** SUPPLIED DATA follows **

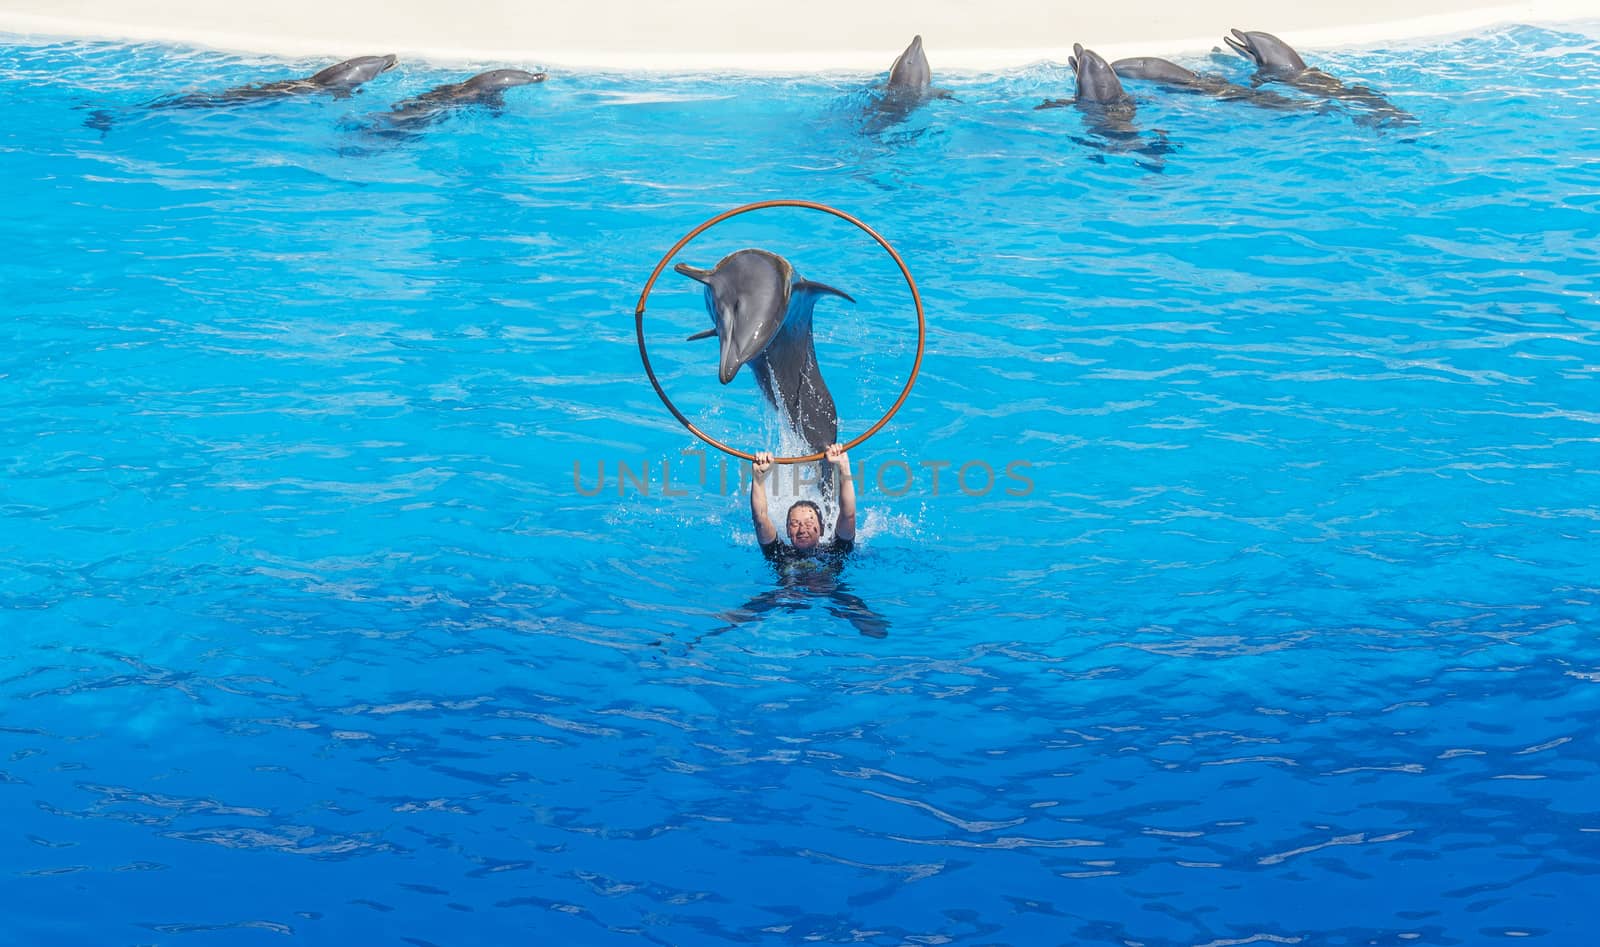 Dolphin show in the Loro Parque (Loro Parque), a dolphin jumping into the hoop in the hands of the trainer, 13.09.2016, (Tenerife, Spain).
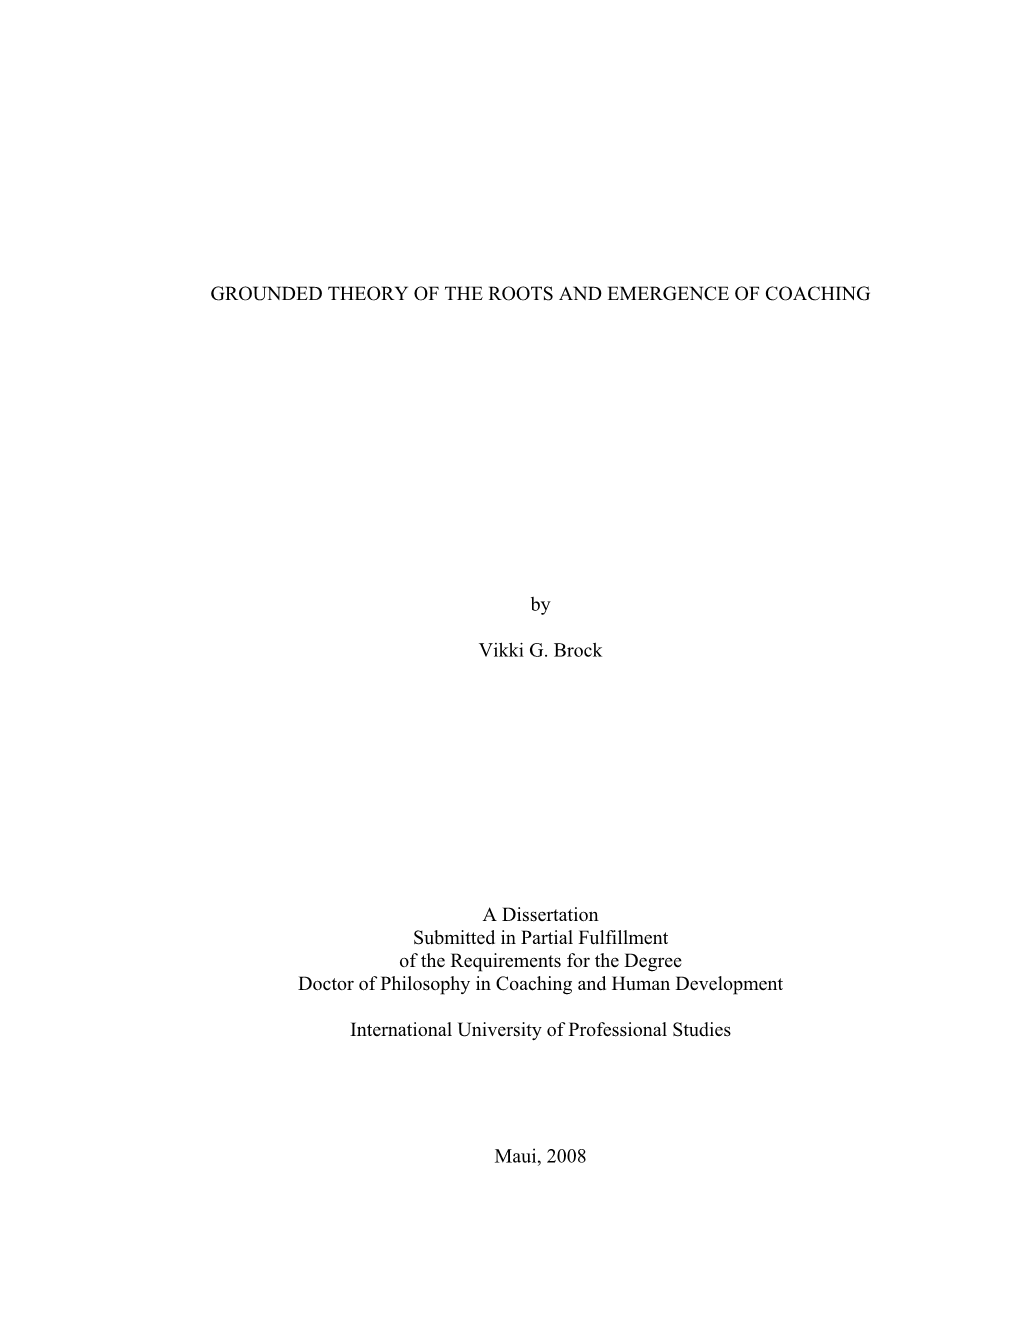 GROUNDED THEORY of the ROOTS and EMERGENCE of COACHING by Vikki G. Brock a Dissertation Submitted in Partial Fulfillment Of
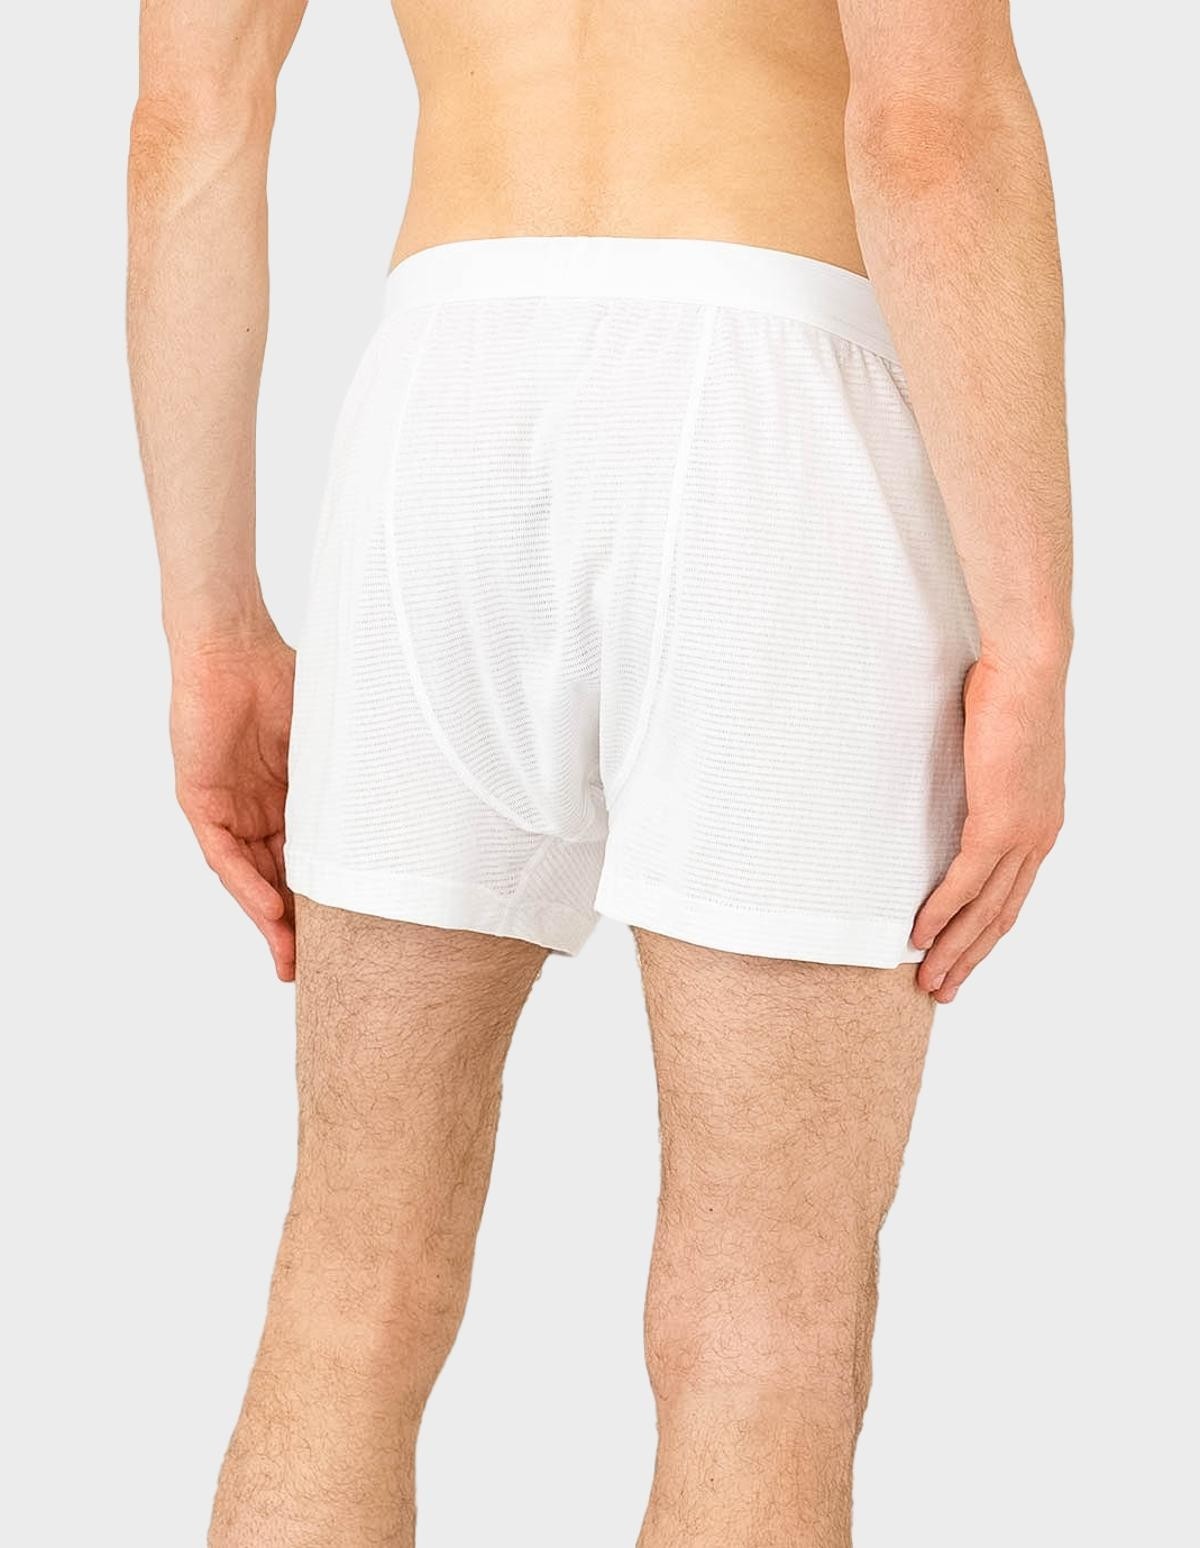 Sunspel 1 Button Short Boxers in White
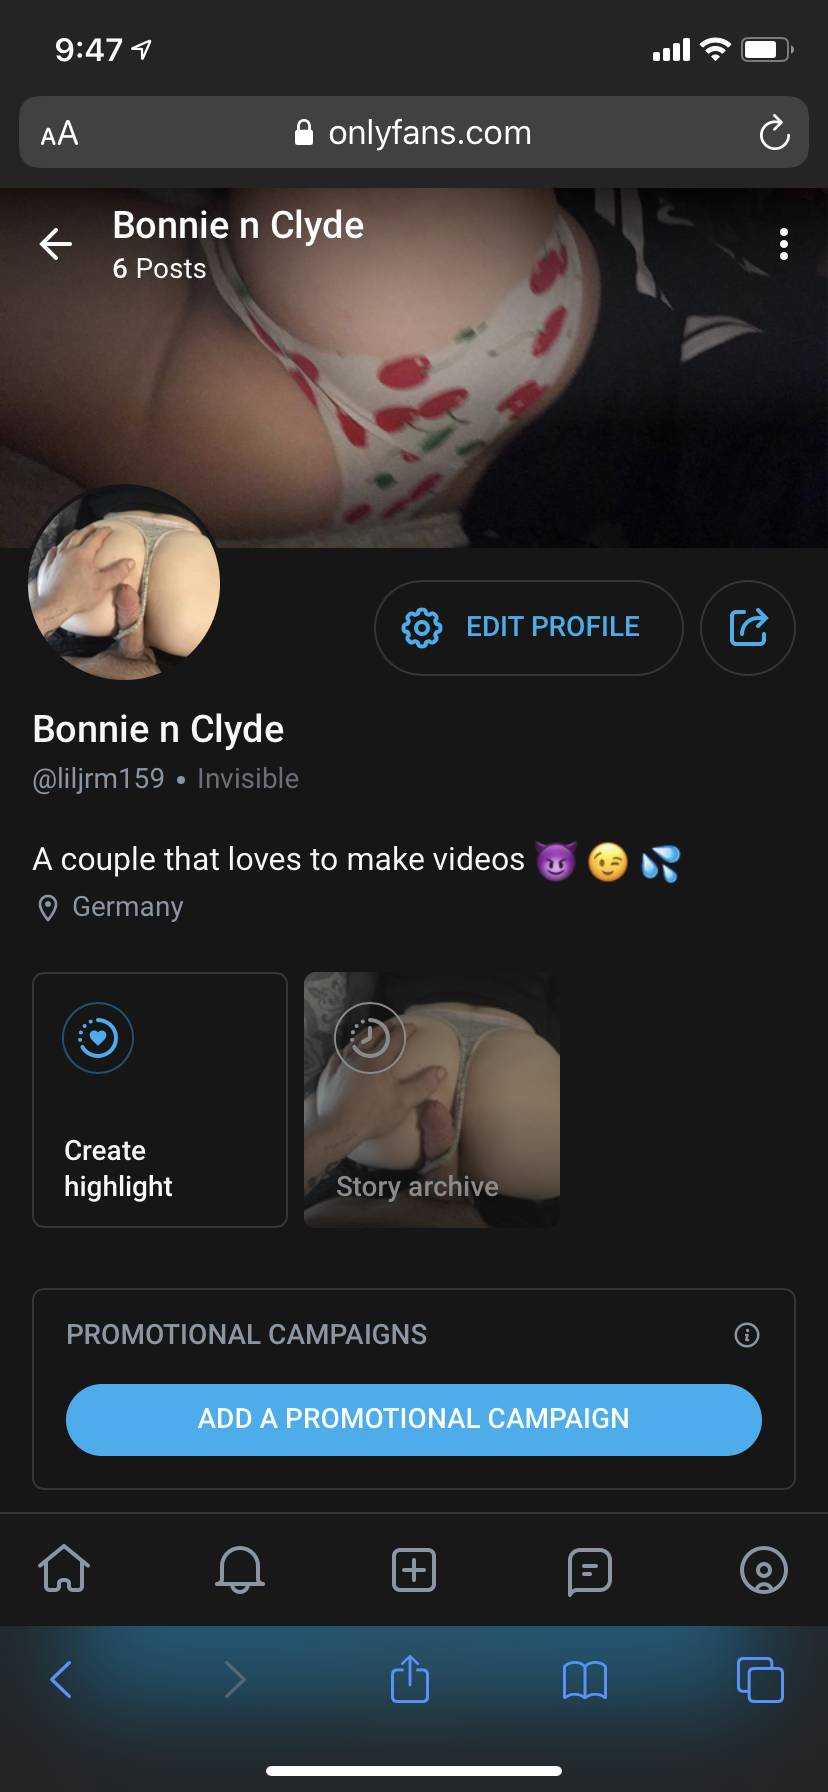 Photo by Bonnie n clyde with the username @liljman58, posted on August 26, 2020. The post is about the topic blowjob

** End of SUPPLIED DATA **

● TRY IT: A word-for-word copy of the data, without its pictures, is what is needed.

● RESULT FOR THIS EXERCISE:
 Dolphin show in the Loro Parque (Loro Parque), a dolphin jumping into the hoop in the hands of the trainer, 13.09.2016, (Tenerife, Spain).
 GROUNDED THEORY of the ROOTS and EMERGENCE of COACHING by Vikki G. Brock a Dissertation Submitted in Partial Fulfillment Of
 Sunspel 1 Button Short Boxers in White
 Photo by Bonnie n clyde with the username @liljman58, posted on August 26, 2020. The post is about the topic blowjob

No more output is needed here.